Additionally, all affected Contract owners will be sent prospectuses of
the applicable Replacement Portfolios at least 30 days before the
Substitution Date.
16. In addition to the Supplements distributed to the Contract
owners, within five business days after the Substitution Date, Contract
owners whose assets are allocated to a Replacement Portfolio as part of
the proposed Substitutions will be sent a written notice (each, a
``Confirmation'') informing them that the Substitutions were carried
out as previously notified. The Confirmation also will restate the
information set forth in the Pre-Substitution Notice. The Confirmation
will also reflect the values of the Contract owner's positions in the
Removed Portfolio before the Substitution and the Replacement Portfolio
after the Substitution.
Legal Analysis
1. The Section 26 Applicants request that the Commission issue an
order pursuant to section 26(c) of the Act approving the proposed
Substitutions. Section 26(c) prohibits any depositor or trustee of a
unit investment trust that invests exclusively in the securities of a
single issuer from substituting the securities of another issuer
without the approval of the Commission. Section 26(c) provides that
such approval shall
[[Page 42327]]
be granted by order from the Commission if the evidence establishes
that the substitution is consistent with the protection of investors
and the purposes of the Act.
2. The Section 26 Applicants submit that the Substitutions meet the
standards set forth in section 26(c) and that, if implemented, the
Substitutions would not raise any of the concerns that Congress
intended to address when the Act was amended to include this provision.

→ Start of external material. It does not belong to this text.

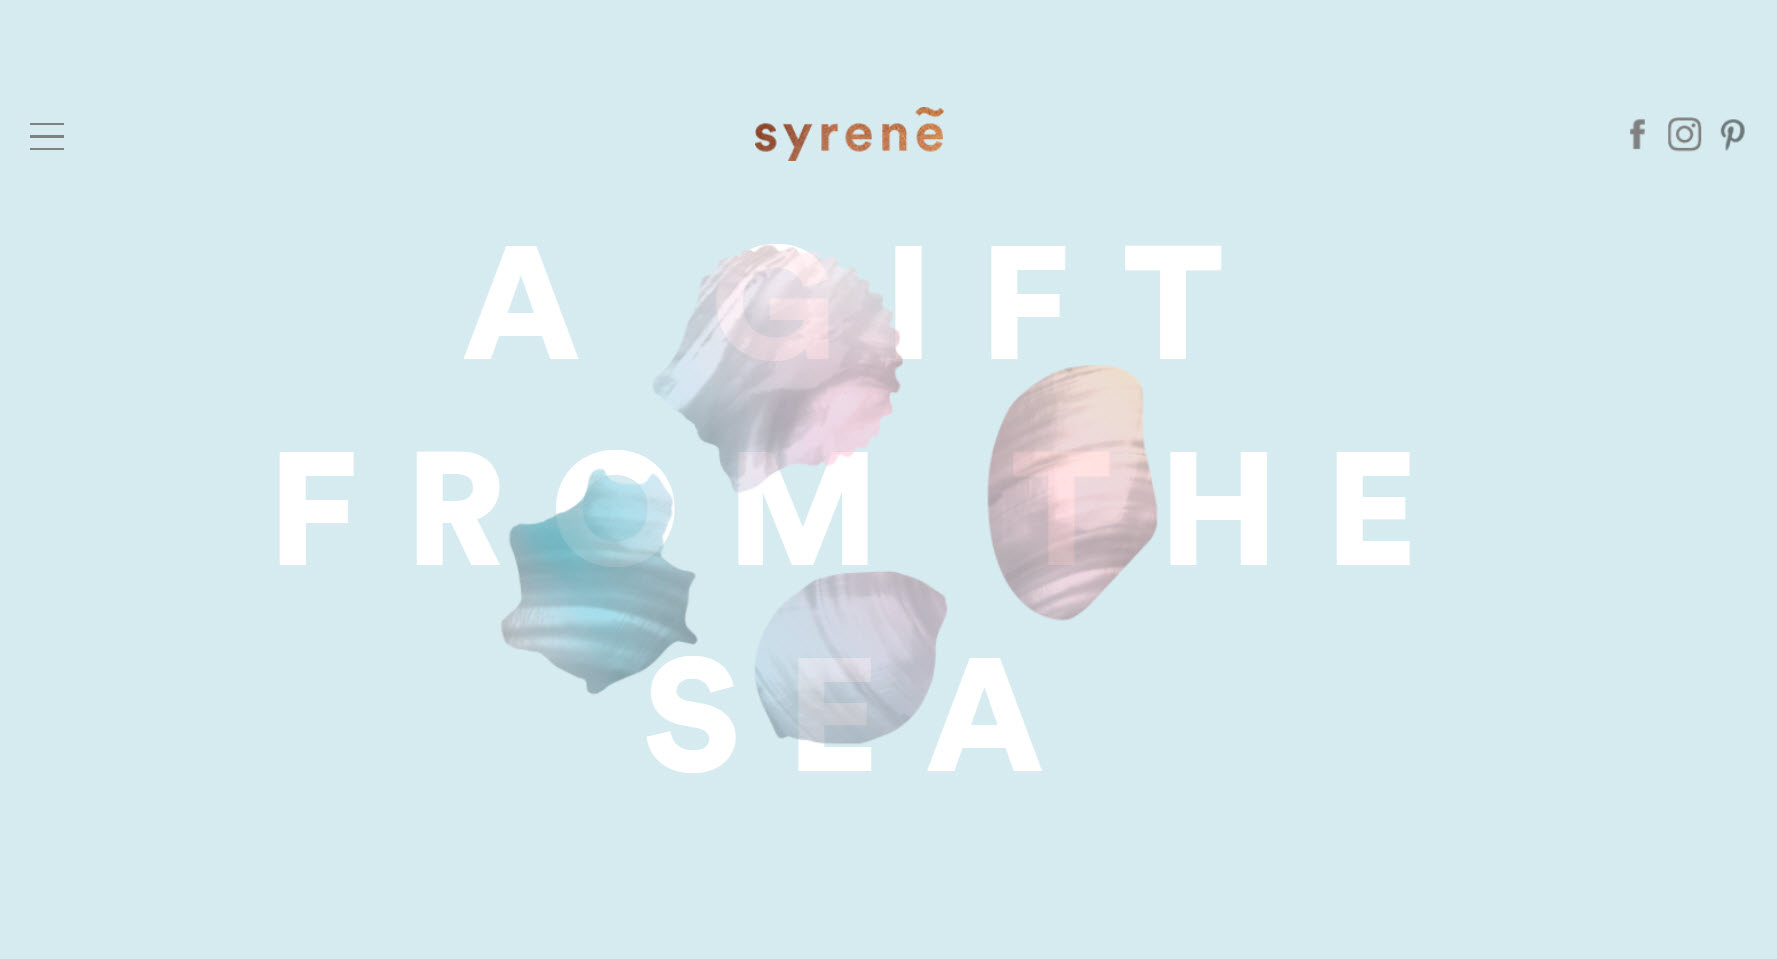 Syrene

Applicants state that each Substitution protects the Contract owners
who have Contract value allocated to a Removed Portfolio by providing
Replacement Portfolios with identical investment objectives and
identical or substantially similar strategies and risks, and providing
Contract owners with investment options that have net annual operating
expense ratios that are lower than, or equal to, their corresponding
investment options before the Substitutions.
3. AXA Equitable and MONY America have reserved the right under the
Contracts to substitute shares of another underlying portfolio for one
of the current portfolios offered as an investment option under the
Contracts. The Contracts and the Contracts' prospectuses disclose this
right.
4. The Section 26 Applicants submit that the ultimate effect of the
proposed Substitutions will be to simplify the investment line-ups that
are available to Contract owners while reducing expenses and continuing
to provide Contract owners with a wide array of investment options. The
Section 26 Applicants state that the proposed Substitutions will not
reduce in any manner the nature or quality of the available investment
options and the proposed Substitutions also will permit AXA Equitable
and MONY America to present information to their Contract owners in a
simpler and more concise manner. The Section 26 Applicants also state
it is anticipated that after the proposed Substitutions, Contract
owners will be provided with disclosure documents that contain a
simpler presentation of the available investment options under the
Contracts. The Section 26 Applicants also assert that the proposed
Substitutions are not of the type that section 26 was designed to
prevent because they will not result in costly forced redemption, nor
will they affect other aspects of the Contracts. In addition, the
proposed Substitutions will not adversely affect any features or riders
under the Contracts because none of the features or riders will change
as a result of the Substitutions. Accordingly, no Contract owner will
involuntarily lose his or her features or riders as a result of any
proposed Substitution. Moreover, the Section 26 Applicants will offer
Contract owners the opportunity to transfer amounts out of the affected
subaccounts without any cost or other penalty (other than those
necessary to implement policies and procedures designed to detect and
deter disruptive transfers and other ``market timing'' activities) that
may otherwise have been imposed for a period beginning on the date of
the Pre-Substitution Notice (which supplement will be delivered to the
Contract owners at least 30 days before the Substitution Date) and
ending no earlier than 30 days after the Substitution Date. The
proposed Substitutions are also unlike the type of substitution that
section 26(c) was designed to prevent in that the Substitutions have no
impact on other aspects of the Contracts.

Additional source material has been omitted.